La gran metrópoli del mundo moderno ha creado un arte, leal reflejo de su concepción de la vida. Es algo grandioso, atrevido, rectilíneo, que hace pensar en el empuje sobrehumano de los inventores, los cuales solamente realizan sus descubrimientos atropellando los respetos, disciplinas y convenciones que encadenan a sus contemporáneos.
Los artistas que abominan del ferrocarril por su fealdad, pero llorarían de pena si los obligasen a viajar a pie, como en otros tiempos; los que ensalzan las sobriedades poéticas de la vida primitiva en habitaciones con prosaica luz eléctrica, calefacción central y vulgares aparatos higiénicos, cuando quieren sintetizar lo horrible de la vida moderna, nombran a Nueva York, que los más de ellos sólo conocen por referencias. Y el rebaño panurguesco de los esnobs, para simular delicadezas estéticas, maldice igualmente un arte vigoroso y franco, reflejo característico del pueblo que más estupendos milagros lleva realizados en la época presente por su deseo de mejorar nuestra existencia material.
Esta ciudad que parece construida para otra raza más grande que la humana hace pensar en Babilonia, en Tebas, en todas las aglomeraciones enormes de la historia antigua, tales como nos imaginamos que debieron ser y como indudablemente no fueron nunca.
Hay calles en Nueva York que apreciarían en Europa como de aceptable anchura y parecen aquí modestos callejones, profundas grietas, a cuyo fondo no podrá llegar nunca el sol. Tan enorme es la altura de sus edificaciones laterales, que obliga a elevar los ojos, echando atrás la cabeza con una violencia precursora del vértigo.

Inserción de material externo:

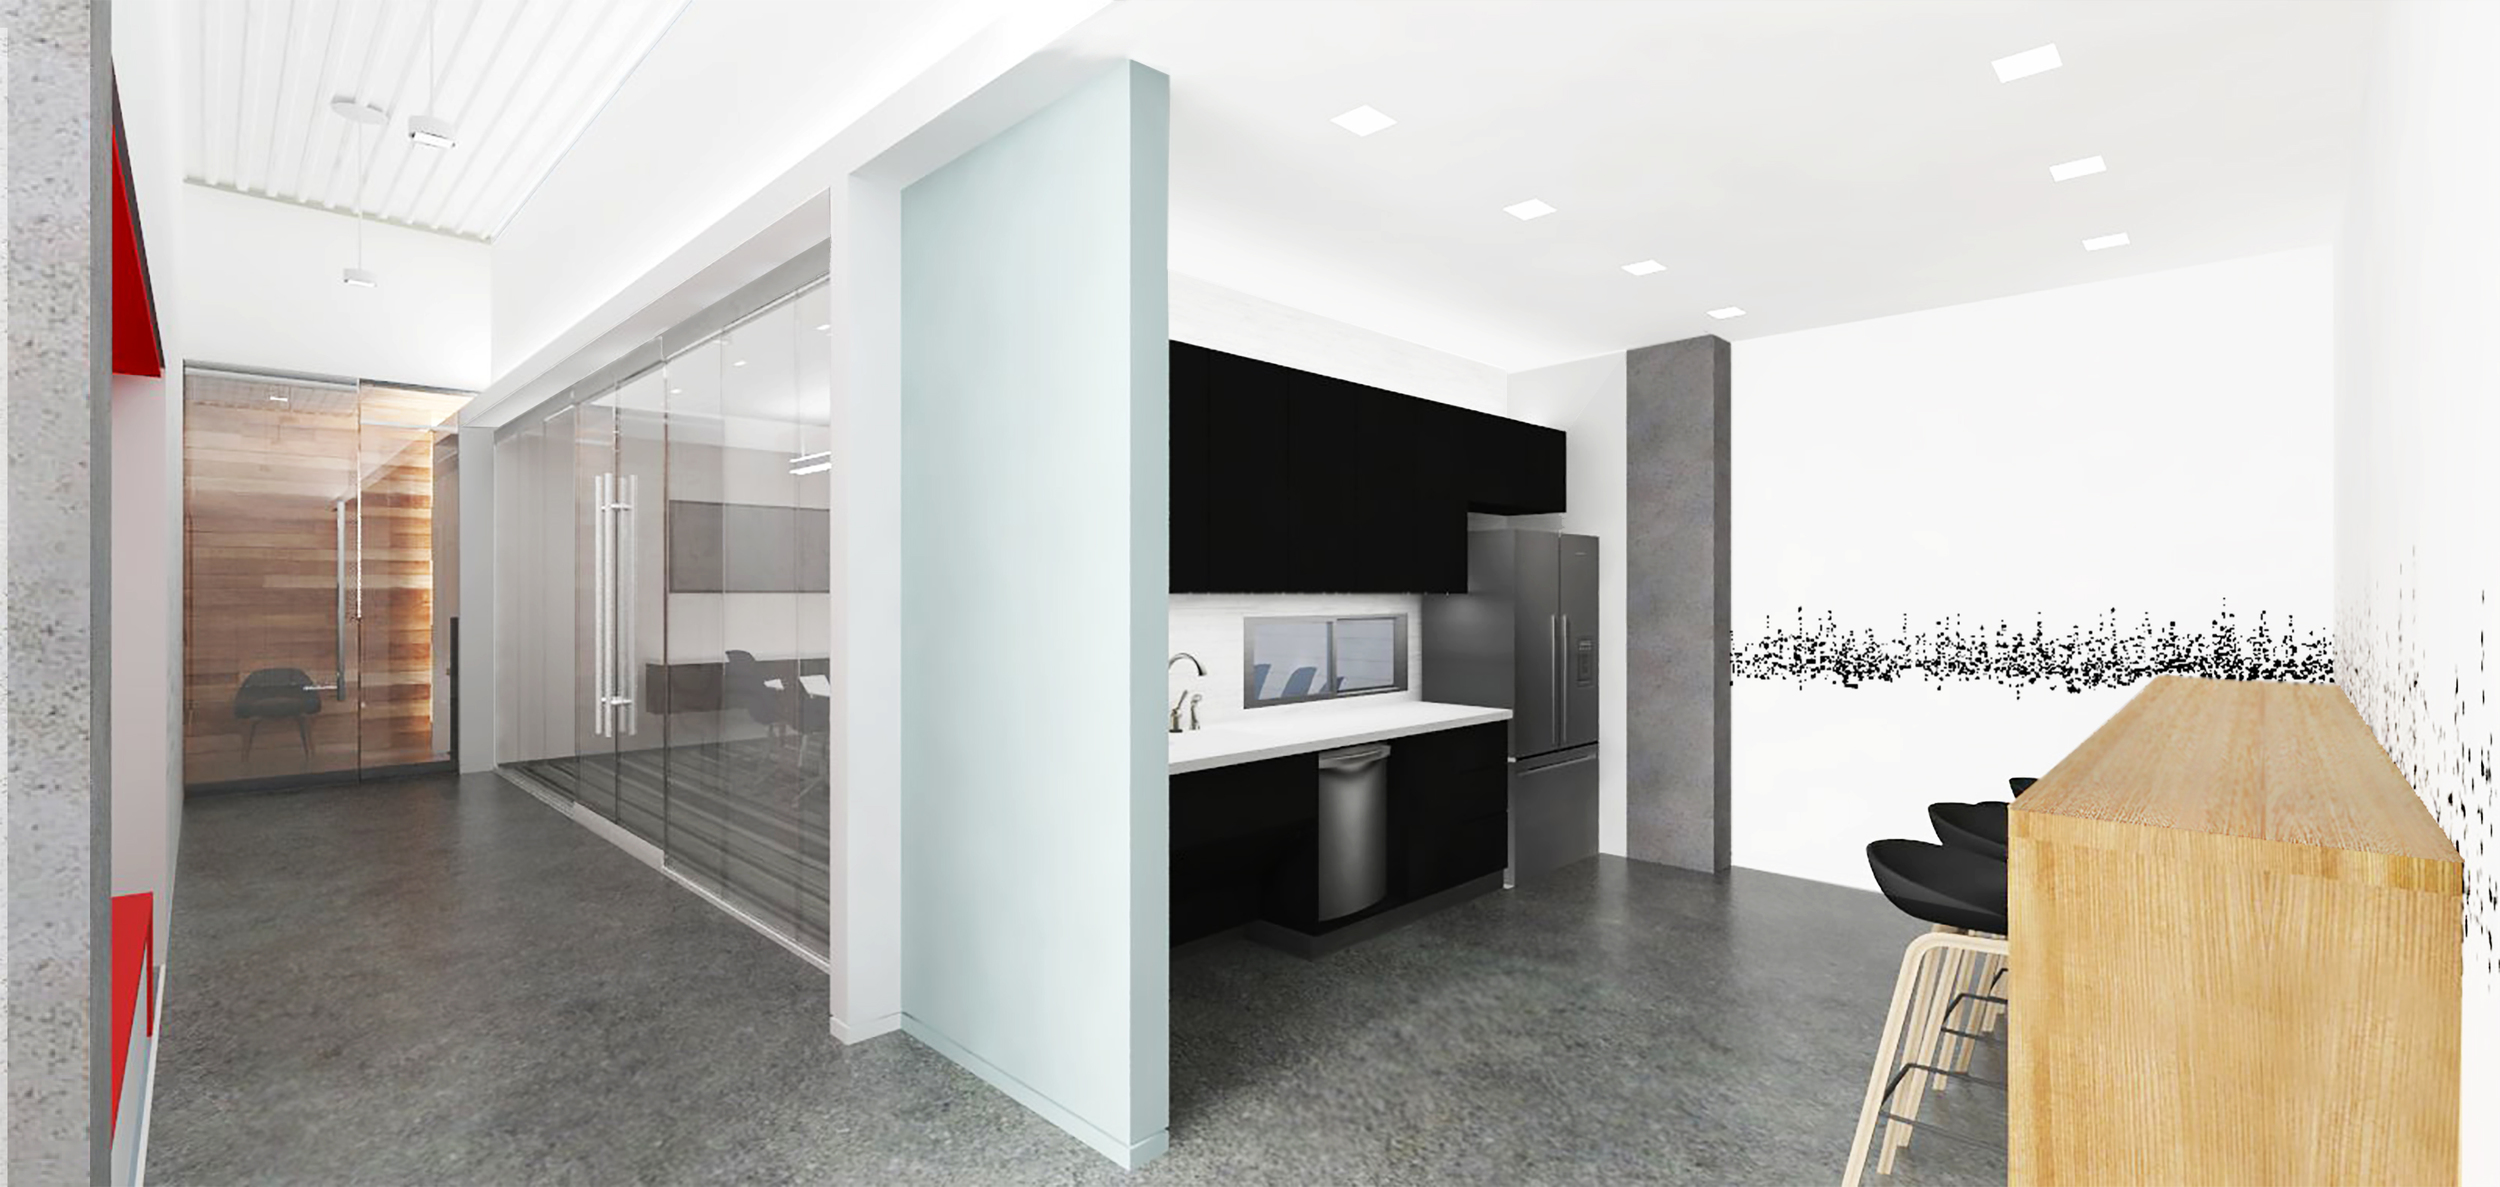 DRAFT - Break Room Corridor.jpg

La imaginación se resiste en el primer instante a concebir tales construcciones como obra de los humanos. Más bien las cree algo anterior a la presencia de nuestra especie sobre el planeta. Recuerda también a ciertas montañas que horadaron y ahuecaron los trogloditas en los siglos más oscuros de la Historia, convirtiéndolas en templos subterráneos o en ciudades-cuevas.
Cuando llega la noche no hay aglomeración humana, no la ha habido nunca, que ofrezca el aspecto mágico de esta urbe, en cuyo seno fue sujetado y domado el cuerpo impalpable de la electricidad, encadenándolo para siempre a las necesidades del hombre.
Los grandes edificios, con sus millares de ventanas iluminadas, son inmensos tableros de ajedrez, rojos y negros, que se estiran hacia las nubes. Las quimeras soñadas por los cuentistas orientales se realizan en esta metrópoli que muchos creen inaccesible a toda sensación de belleza. Sobre los tejados, el anuncio industrial crea un mundo fantástico que parece lanzar un reto a las exigencias de la realidad y a la tranquila sucesión de las horas. Las hadas nocturnas de Nueva York, volando en alturas sólo frecuentadas en otras partes por las águilas, van colgando del negro terciopelo del espacio figuras y adornos de fuego, pavos reales de plumaje multicolor, tropas de duendes que gesticulan mirando a las estrellas o les guiñan un ojo maliciosamente, mujeres de luz que, sentadas en un columpio, se balancean con la cabellera suelta por encima de los astros; toda una fauna y una flora de Las mil y una noches, nacida regularmente con los primeros latidos de la luz sideral y que se borra con la aurora, haciendo levantar sus cabezas a la muchedumbre circulante por las profundas grietas de las avenidas, orladas de puntos de luz.
Hasta hace poco, Londres era la ciudad más grande del mundo. Ahora la ha sobrepasado Nueva York. El eje de la historia humana, que durante siglos fue trasladándose de una a otra nación, siempre dentro de Europa, ha cruzado el mar, y está actualmente en la ribera occidental atlántica.”


Vicente Blasco Ibáñez. La vuelta al mundo de un novelista. Sempere y Compañía Editores.